Judge rules against developer in battlefield battle

November 24, 2005|By DAVE McMILLON

CHARLES TOWN, W.VA. - The head of a group trying to save a Civil War battlefield near Shepherdstown, W.Va., from development is cheering a judge's recent ruling regarding a 100-home subdivision proposed for the property.

There has been widespread support for the establishment of a national park to protect the site where the Battle of Shepherdstown was waged in 1862 off Trough Road.

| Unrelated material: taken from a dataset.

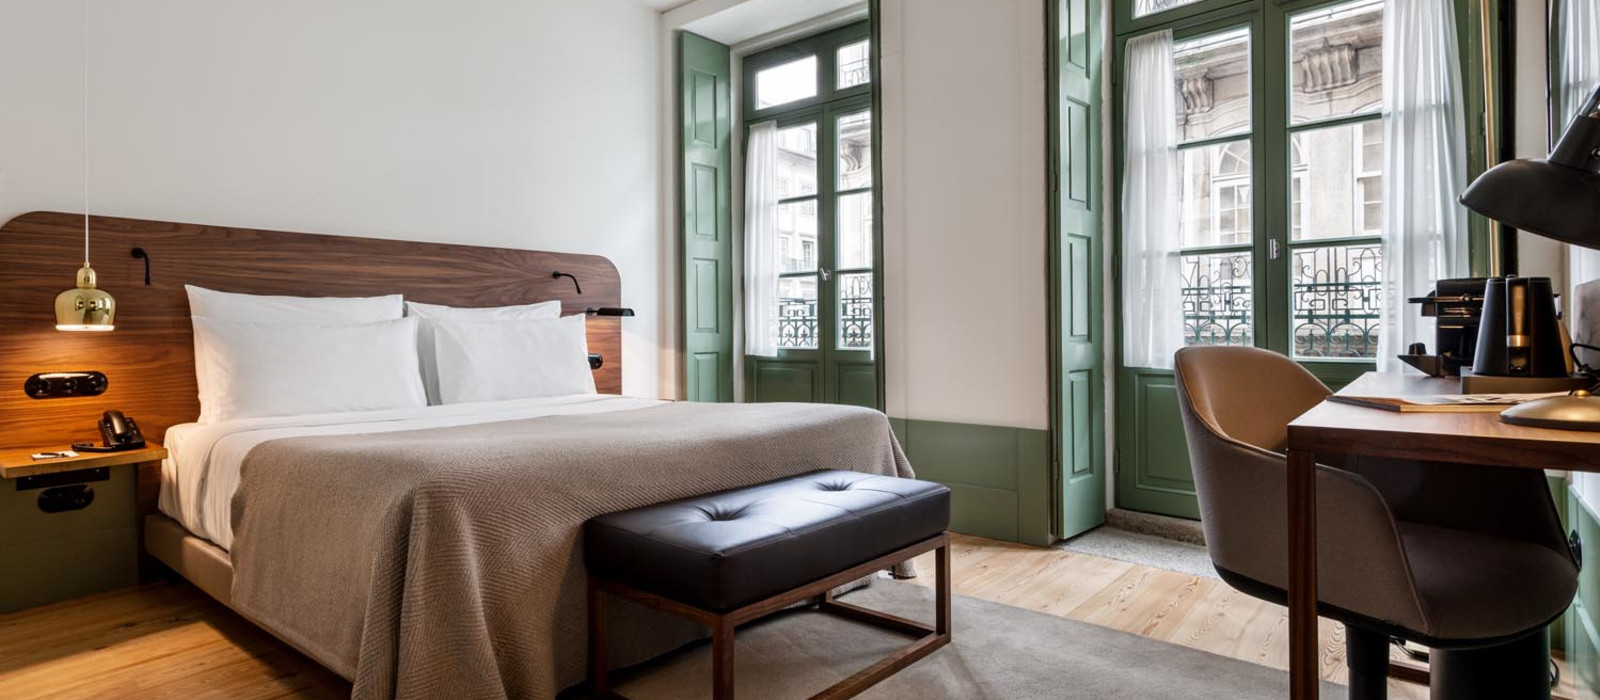 Hotel Pestana Porto: Goldsmith Portugal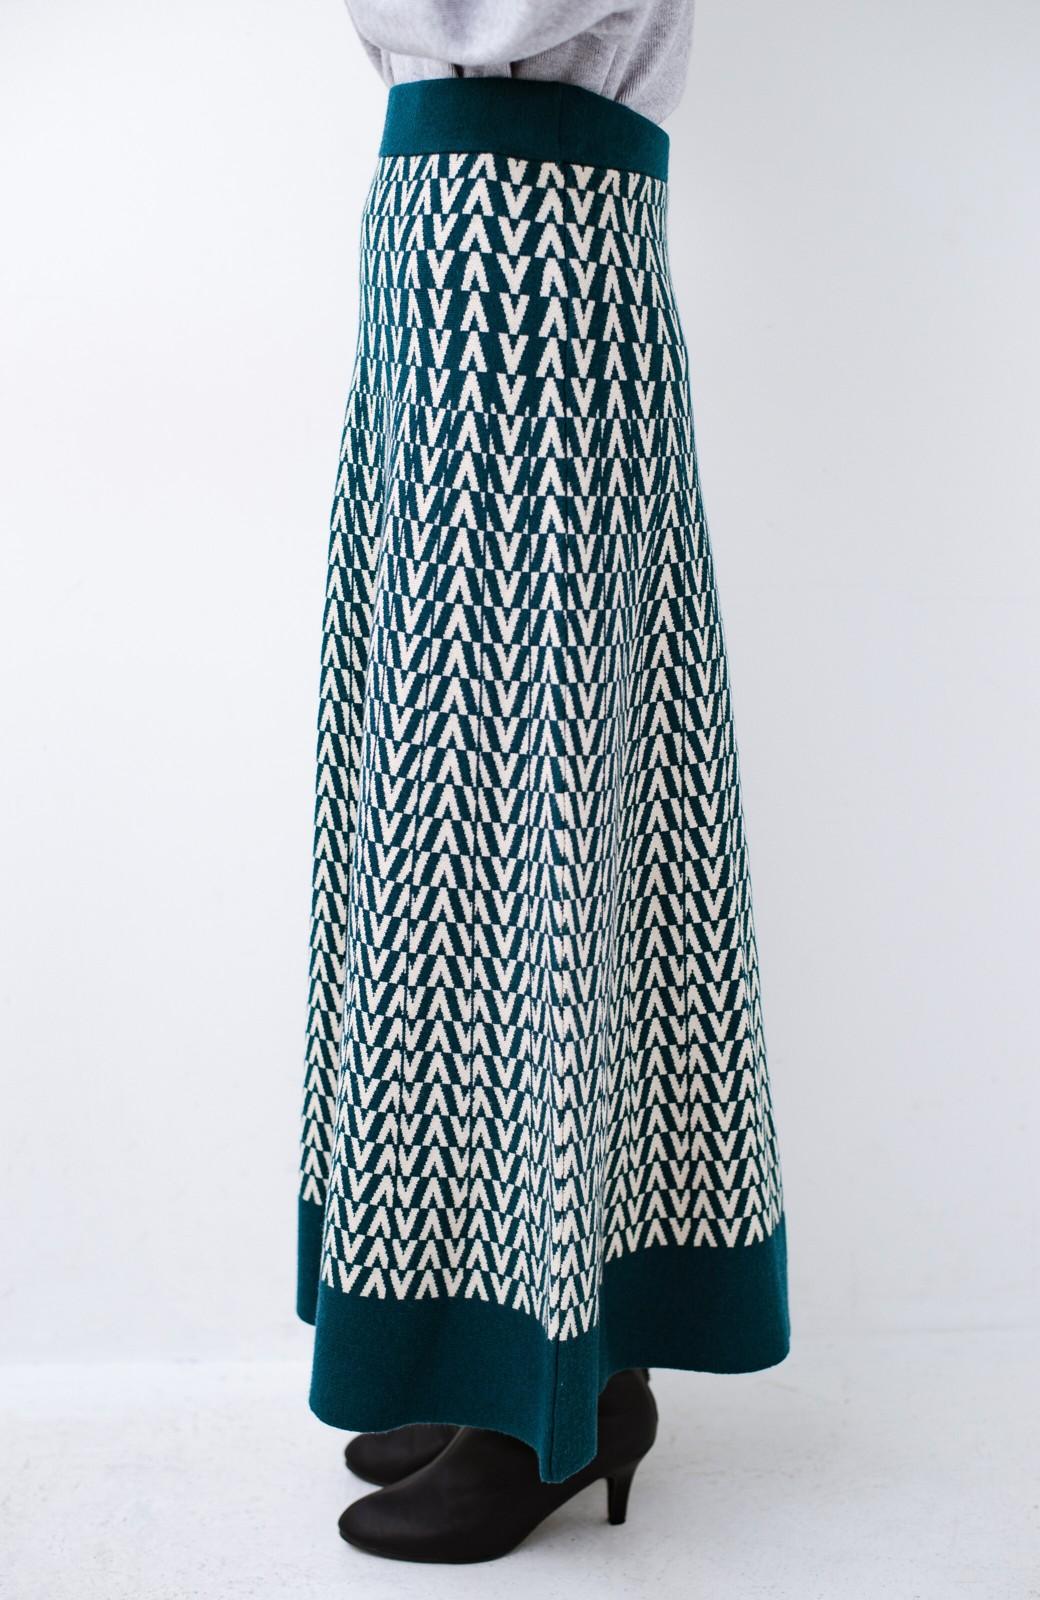 haco! シンプルトップスと合わせるだけでコーデがオシャレ&華やかになる ジャカードニットスカート <グリーン系その他>の商品写真6

But the developers of the proposed housing subdivision have been fighting for their plan to build homes on the 112-acre site and recently filed papers in Jefferson County Circuit Court challenging a decision by the Jefferson County Zoning Board of Appeals to deny a conditional use permit to build the homes.


Attorney Richard Gay, representing Far Away Farm LLC, claimed the zoning board of appeals made errors, including that the board refused to accept evidence by a traffic expert that the traffic impact by the subdivision would comply with the county's land-use laws.

One of the issues surrounding the development was the amount of traffic that it would generate on Trough Road.

The zoning board of appeals also disregarded a development review system which would determine the compatibility of the property for higher housing densities, Gay said in the paperwork.

But in a ruling dated Nov. 16, Jefferson County Circuit Court Judge Thomas W. Steptoe Jr. rejected parts of the developer's challenge.

The developers are challenging the zoning board of appeals decision in several ways, said attorney Nathan Cochran, representing the developers.

One of the requests was to have Steptoe grant a writ of certiorari, which would mean the judge would review all elements of the case before the zoning board of appeals.

Steptoe rejected the request.

In his ruling, Steptoe said the zoning board of appeals found that the development was too dense to be compatible with the surrounding neighborhood.

"Upon review there appears to be sufficient evidentiary basis to permit the board to conclude that the subdivision, as currently proposed, would not be compatible with the roads that it would serve and its surroundings," Steptoe wrote.

"Further, upon review of the board's order, this court cannot agree that the board's findings of fact and conclusions were inadequate to permit meaningful review," Steptoe said.

But Steptoe is continuing to consider the case for a "declaratory judgment," which involves determining the rights of parties involved in a case, attorneys said.

The possible outcomes under declaratory judgment could include sending the case back to the zoning board of appeals, said attorney Linda Gutsell, representing Shepherdstown Battlefield Preservation Association LLC, the group leading the charge to save the battlefield.

Ed Dunleavy, president of the Shepherdstown Battlefield Preservation Association LLC, praised Steptoe's ruling in a e-mail sent to The Herald-Mail Co.

"This is good news, but the effort will have to continue as the court could rule in any number of directions ..." Dunleavy said.

The Battle of Shepherdstown took place Sept. 19 and 20, 1862, on acreage to the west side of what is now Trough Road, including Far Away Farm, according to the National Park Services Web site.

After the Battle of Antietam, Gen. Robert E. Lee began to pull his Army of Northern Virginia back across the Potomac River, crossing at Pack Horse Ford.

Union soldiers arrived on the Maryland side of the river the following morning and began to shoot at southern troops across the water.

There were more than 600 casualties.

Earlier this month, the Jefferson County Commission held a public hearing to gauge public support for establishment of a national park to protect the battlefield, and speakers gave overwhelming support to the idea.

Dunleavy said during the hearing that the owners of the land are asking $3.6 million for the property and that his organization made an offer to purchase it.

The owners made no counteroffer, Dunleavy said.

Dunleavy said Wednesday that "we're kind of scratching our heads" and wondering why the owners have not made any counter offers yet.

"We just have to be patient," Dunleavy said.

Cochran declined to comment on the efforts by Dunleavy's group to purchase the property.